Clinical
Flare: A Crisis That Can Be Avoided
Reprinted from PCRI Insights May 1999 vol. 2, no. 2
Clinical flare is a drug-induced bodily response that can cause
such symptoms as bone pain, compression of a nerve root, spinal cord
compression, or blockage of one or both ureters. It is often painful
and always dangerous.
A true story always tells so much more than reported material abstracted
from everyday life. Here are two case histories obtained by us just
recently.
Patient #1 is MF, an 81-year old man who had been following a watchful
waiting approach until his PSA rose to 31. He then received a
3-month Lupron® injection without any regard to possible flare
and five days later he developed back pain. Radiologic studies showed
hydronephrosis on the right side, and then, a cystoscopy revealed a tumor obstructing
the right ureteral orifice. A right percutaneous nephrostomy had to be performed to decompress the kidney. Then, a right ureteral
stent was placed requiring a 5 hour operation. The patient suffered
a massive heart attack two days later. The patient had not been
placed
on an anti-androgen anytime during his clinical course.

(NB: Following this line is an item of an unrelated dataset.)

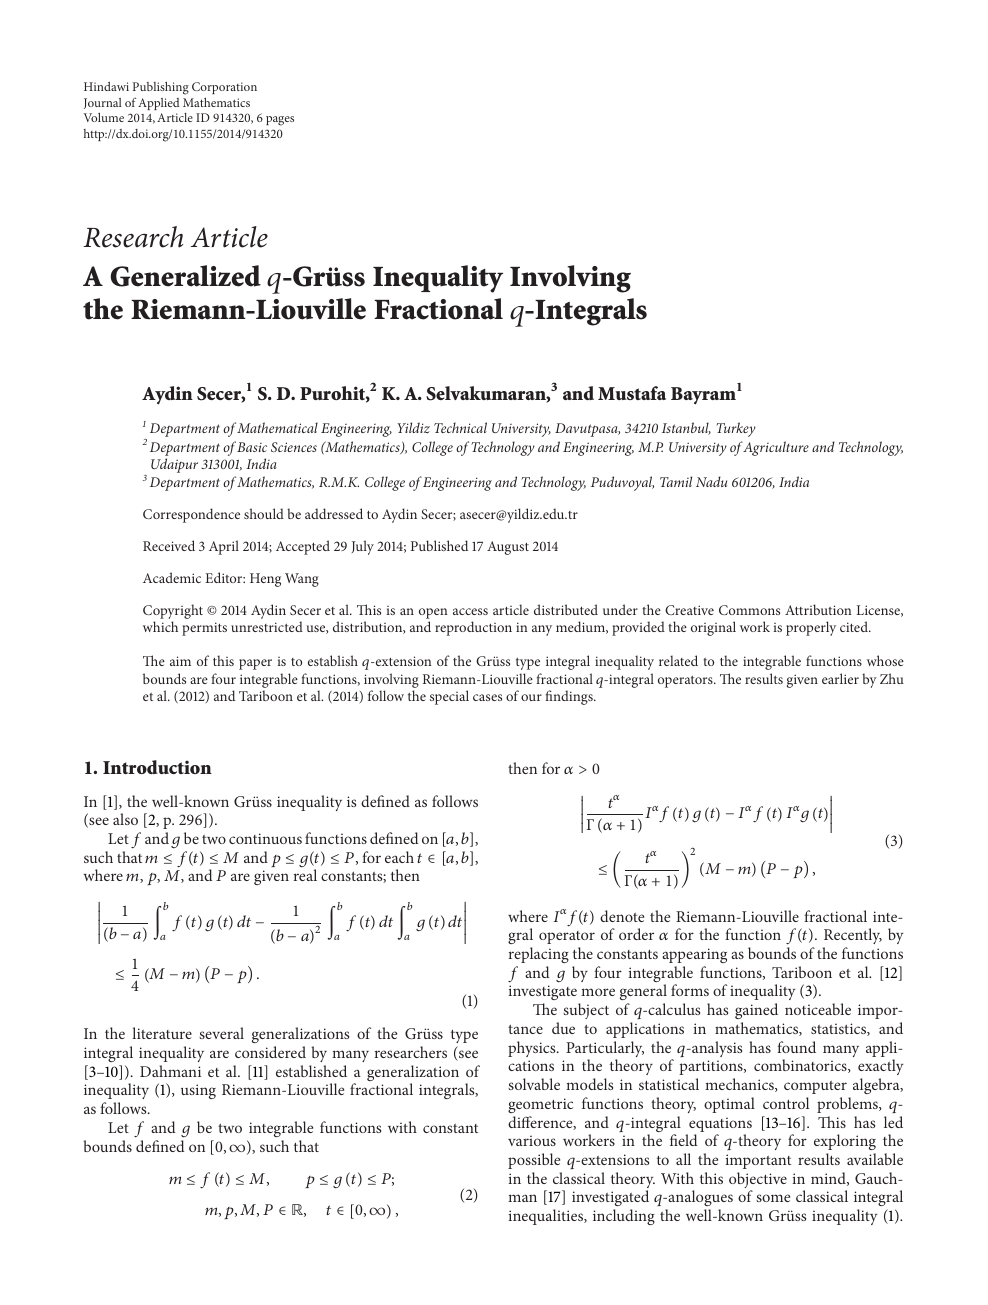 A Generalized Q Gruss Inequality Involving The Riemann Liouville Fractional Q Integrals Topic Of Research Paper In Mathematics Download Scholarly Article Pdf And Read For Free On Cyberleninka Open Science Hub

Patient #2 is MB, a 44-year old man diagnosed with PC when he discovered
a lump in his neck and a biopsy showed
prostate cancer. His first PSA was 5,700, and a bone
scan showed disease in the thoracic spine.
He was treated with simultaneous administration of Lupron® and
Casodex®. There was no pretreatment with Casodex® to block
the flare response that occurs with initiation of any LHRH
agonist,
be it Lupron® or Zoladex®. Two days after his treatment
was started, MB experienced excruciating pain in his thoracic spine
and
had to be rushed by ambulance to the hospital.
He spent five days in the hospital and received a ten day course
of radiation therapy to the thoracic spine. A MRI showed no spinal
cord compression, but a nerve root was said to be compressed.
Both patients were inappropriately treated. Major precautions need
to be taken if there is a significant tumor burden and a risk of
clinical flare upon starting a LHRH agonist. The use of Nizoral® for
48 hours prior to starting Lupron® or Zoladex® or more
prolonged use of an anti-androgen (as described in the following
article) would
have been the safer and more medically sound approach to take.
Prevention of Biochemical and Clinical Flare
By: Jonathan E. McDermed, PharmD & Stephen B. Strum, M.D.
What is flare?
We know that when a luteinizing-hormone releasing-hormone agonist
(LHRH-A) is first started, it paradoxically causes a rise in
the pituitary hormone LH. This LH rise stimulates the testicles to
make more testosterone during the first 5-12 days after initiation
of the LHRH-A than even the baseline testosterone. This testosterone
rise will stimulate prostate cancer cell growth. This is termed “flare”.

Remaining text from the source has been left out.